Problem details: What is needed is a word-for-word copy of the lines below from the one with "Divante (now Cloudflight" through the one with "Was a career", both included, with every picture left out.

Extracted information:
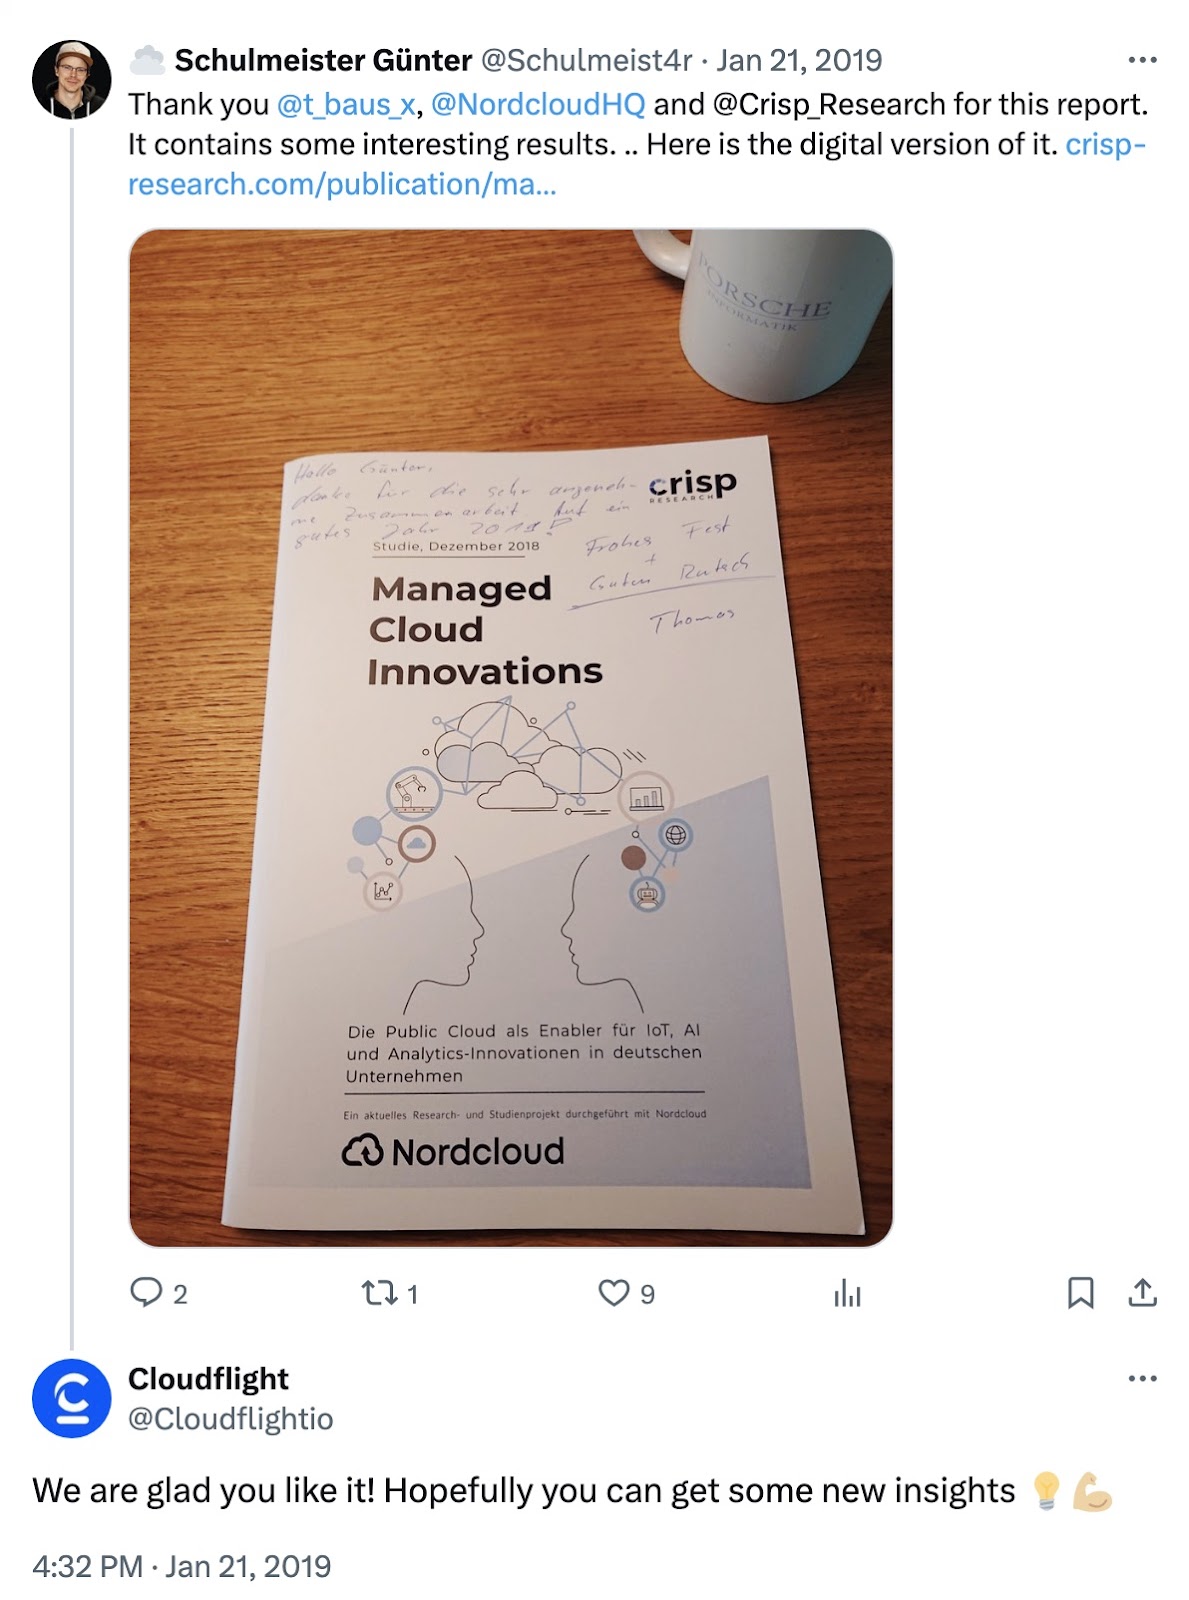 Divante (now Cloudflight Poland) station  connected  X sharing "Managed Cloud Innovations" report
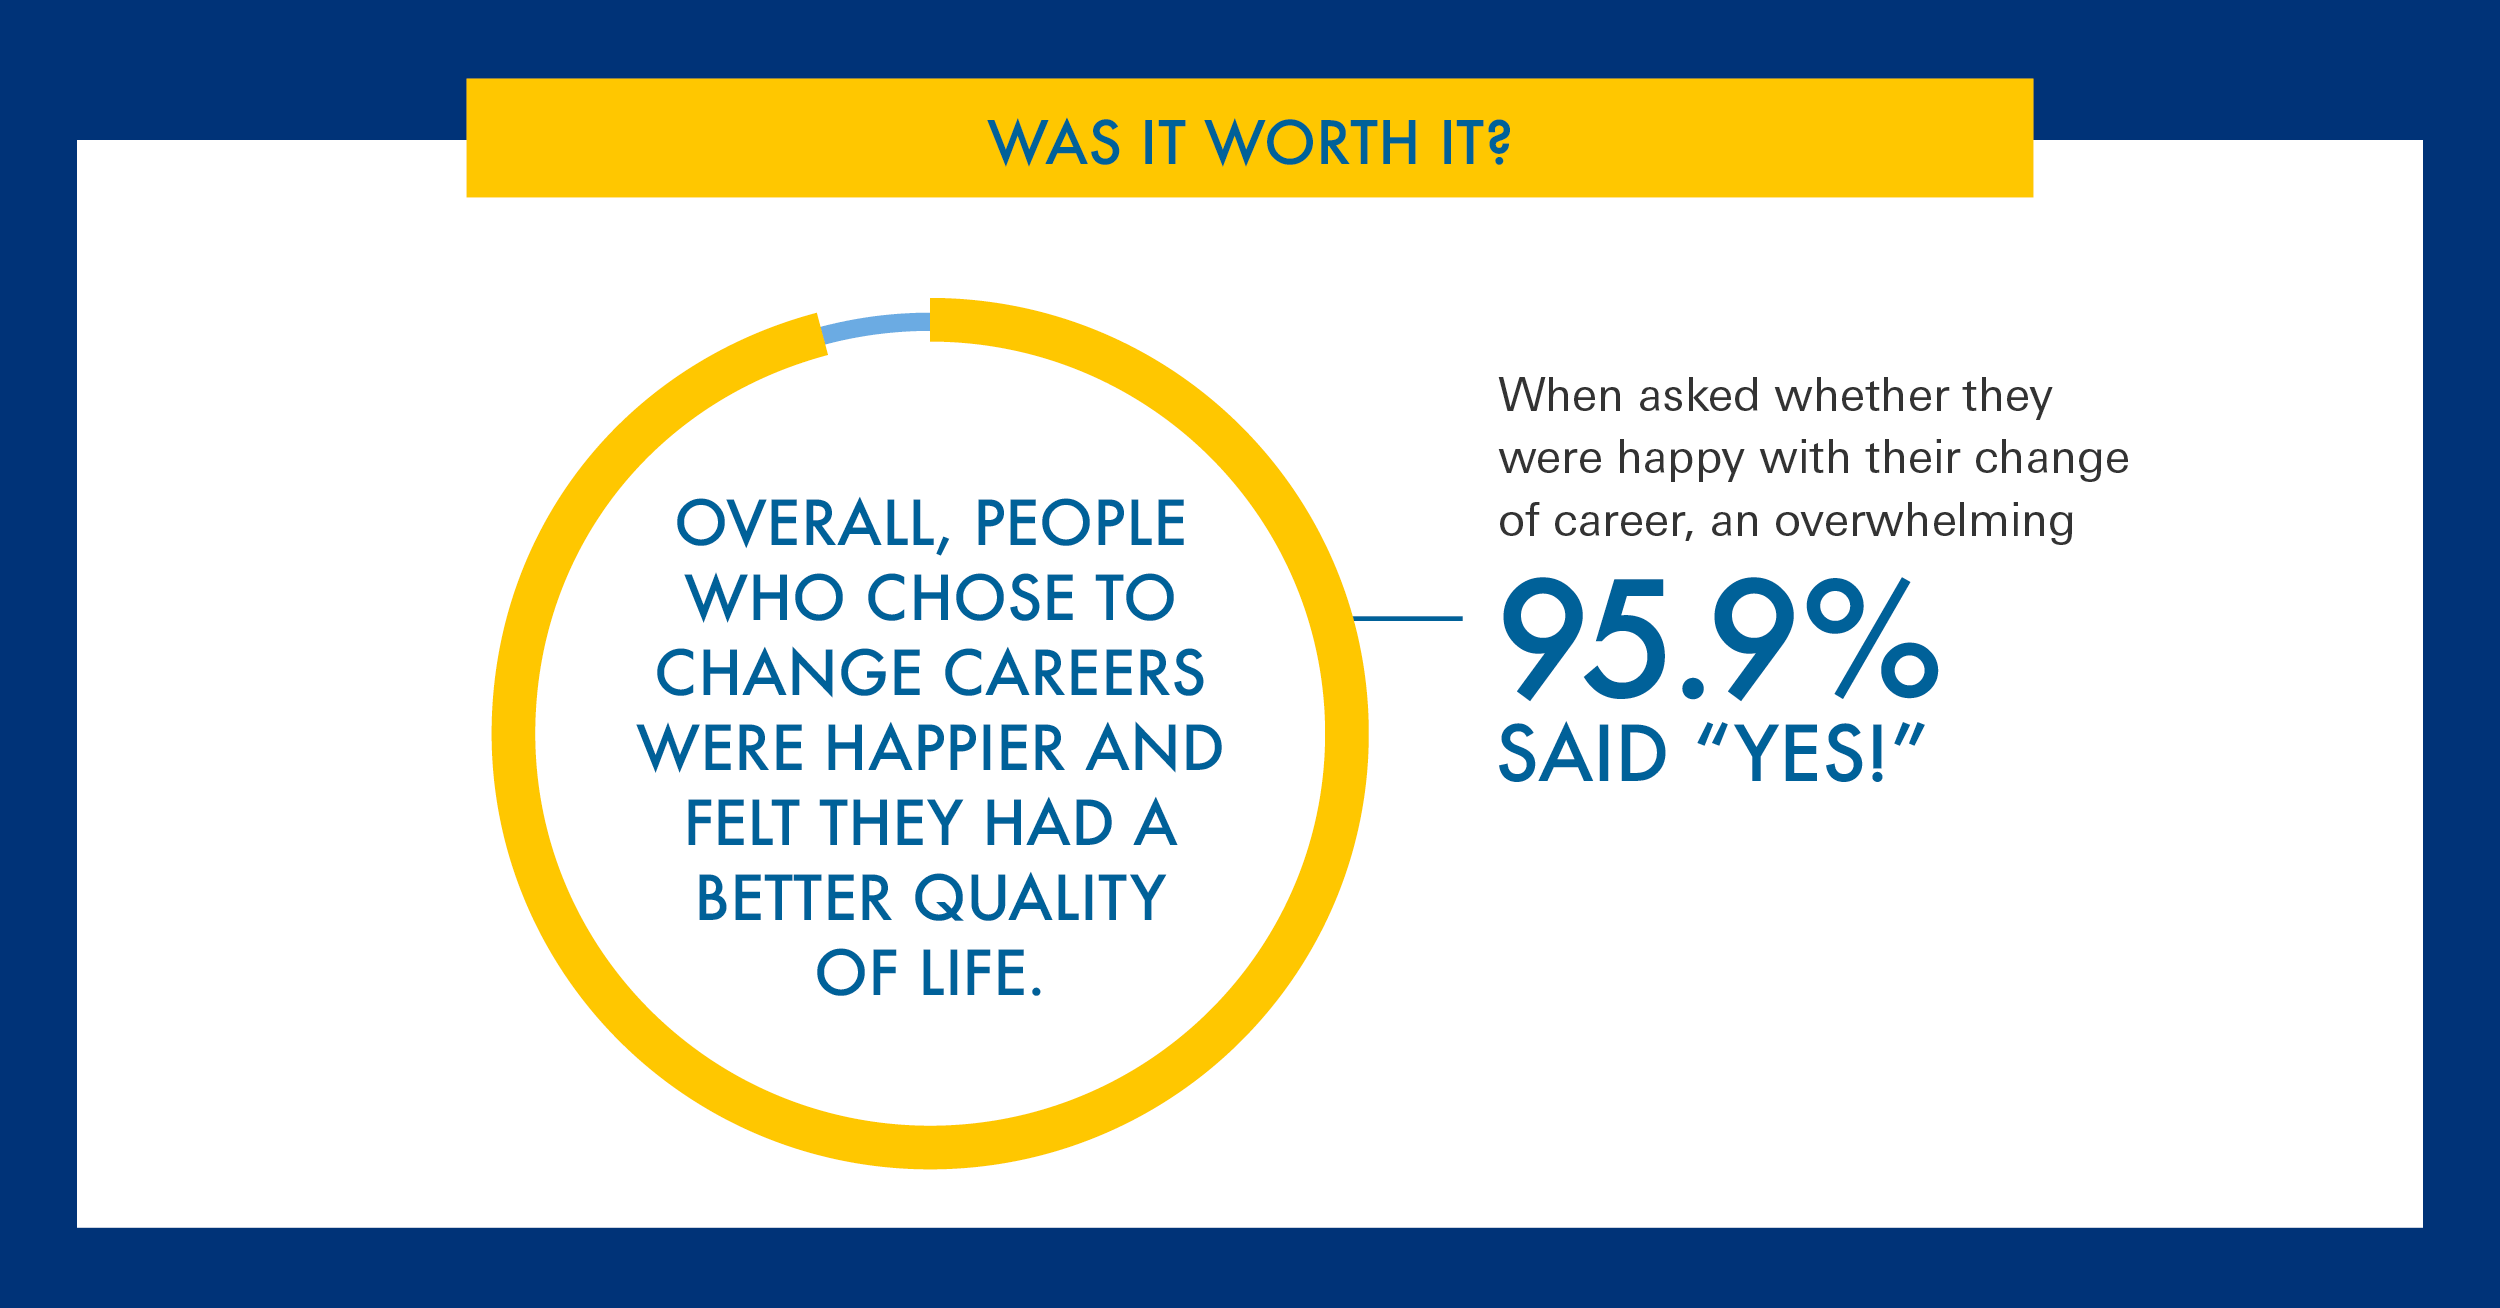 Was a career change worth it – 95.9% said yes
* * *
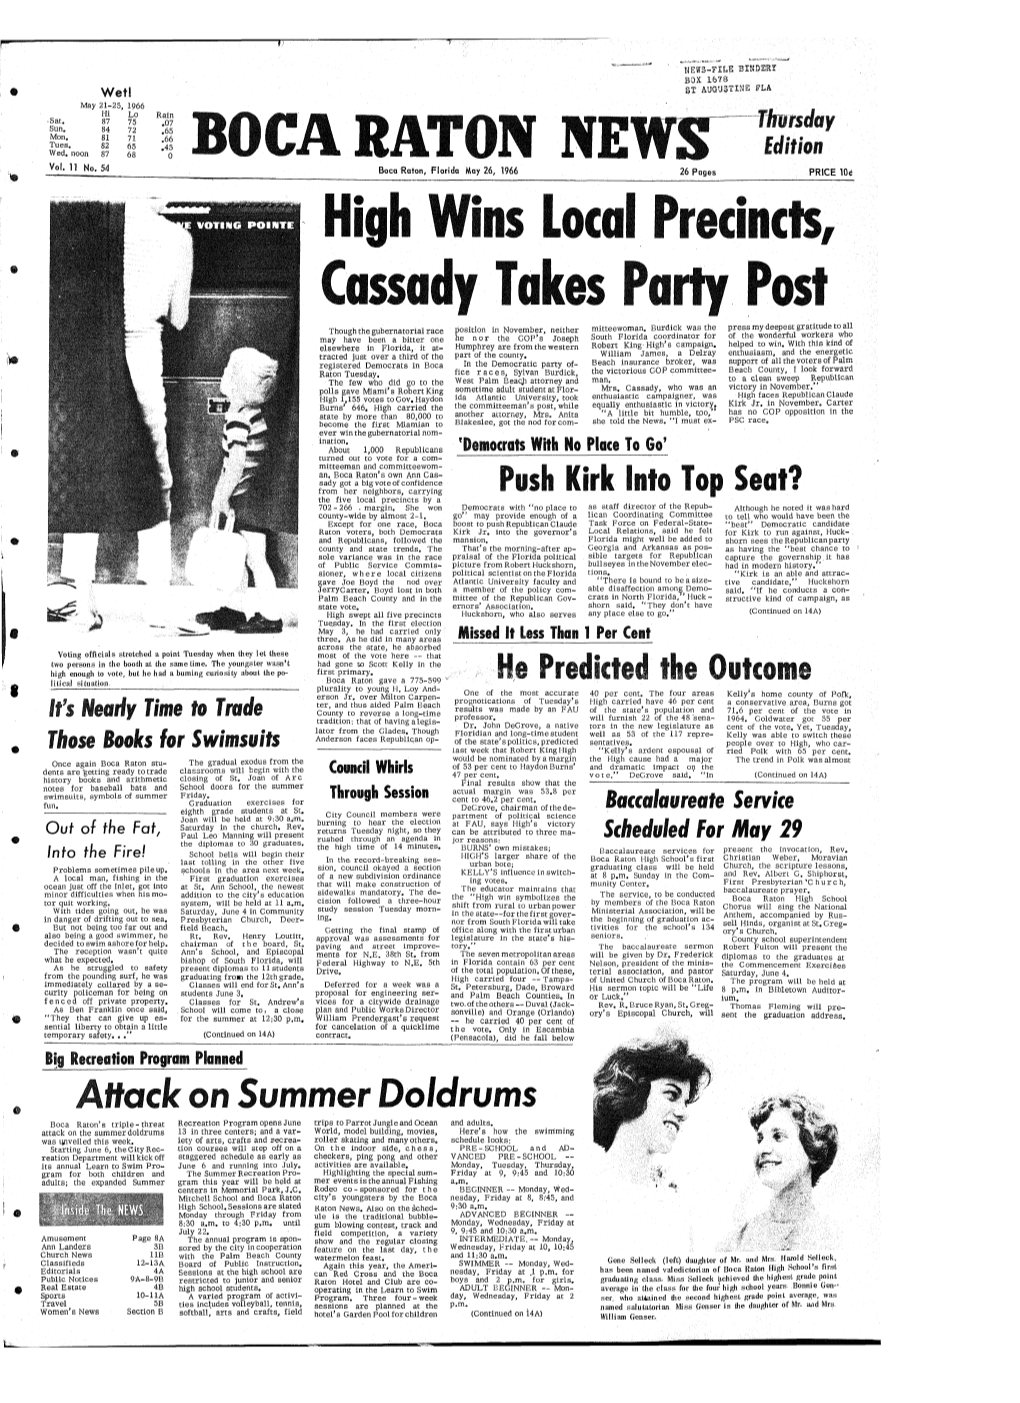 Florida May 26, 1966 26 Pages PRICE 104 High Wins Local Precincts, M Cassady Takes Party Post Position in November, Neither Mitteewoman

Response area:
 Divante (now Cloudflight Poland) station  connected  X sharing "Managed Cloud Innovations" report
 Was a career change worth it – 95.9% said yes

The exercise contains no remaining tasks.